Em entrevista recente o senhor elogiou o ex-ministro Luiz Henrique Mandetta, mas disse que faltava celeridade ao ministério. Mantém essa avaliação?

Sim. É verdade que os testes e EPIs (equipamentos de proteção individual) estão faltando no mundo inteiro. Mas, aqui no Brasil, a cada dia há promessa de que chegarão testes, máscaras, luvas e não se vê isso na prática. Até hoje não se teve uma explicação do que de fato aconteceu com a carga de equipamentos chineses que deveriam vir para o Brasil e que, dizem, foi interceptada pelos EUA. Não há explicação. Mas o ministro Mandetta se esforçou para orientar a população com base em informações científicas e seguindo as diretrizes da OMS (Organização Mundial da Saúde).

Como avaliou a demissão dele pelo presidente Bolsonaro?

Não vejo o menor sentido na demissão neste momento.
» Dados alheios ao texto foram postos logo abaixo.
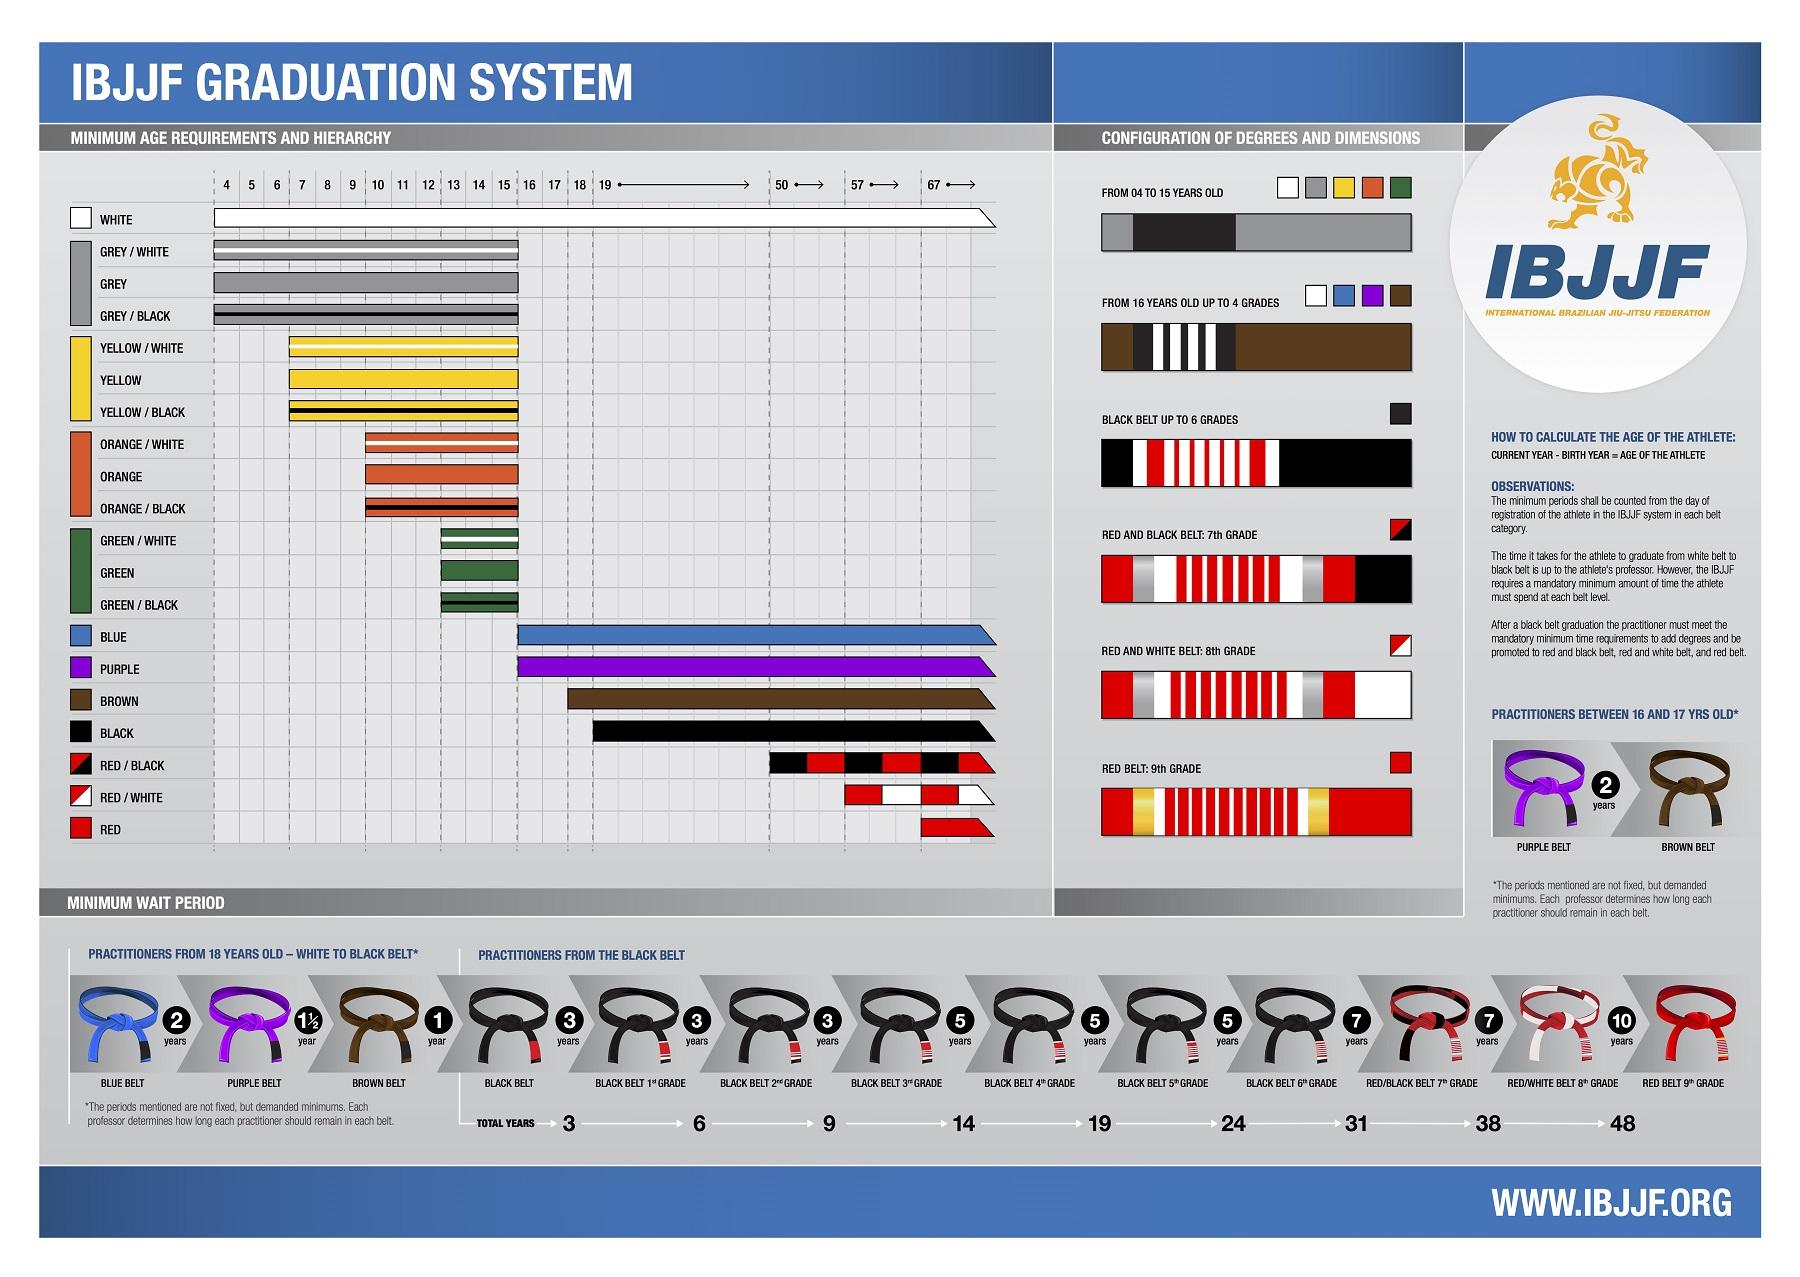 2016-IBJJF-Graduation-System-Poster_M.jpg

É delicada e pouco recomendável no meio de uma pandemia mundial. No entanto, desejo que o novo chefe da pasta tenha sucesso na empreitada e possa conduzir essa crise da melhor maneira possível para os brasileiros. Nelson Teich é um oncologista renomado e respeitado e merece um voto de confiança. O momento exige união, sobretudo entre os poderes da República. E, novamente, quero enfatizar que o relaxamento nas medidas de distanciamento social poderia significar a morte de muitas pessoas.

Aos 78 anos, o senhor faz parte do grupo de risco. Como está se protegendo?

Da mesma forma que a maioria dos brasileiros, mudei a rotina. Estou me protegendo ficando em casa. Trabalhando à distância, participando das sessões deliberativas remotas do Senado, apresentando e aprovando projetos. Foram cinco apenas neste mês. O que destina R$ 2 bilhões às Santas Casas e hospitais filantrópicos foi aprovado nas duas Casas, mas infelizmente o presidente ainda não o sancionou. Quando o fizer, vai ajudar a fortalecer a rede pública de saúde. Neste ponto, falta um entendimento mais claro do chefe do Executivo e sua equipe sobre o conceito de emergência de saúde. Tempo é vida e eu espero que esse dinheiro chegue às Santas Casas o quanto antes.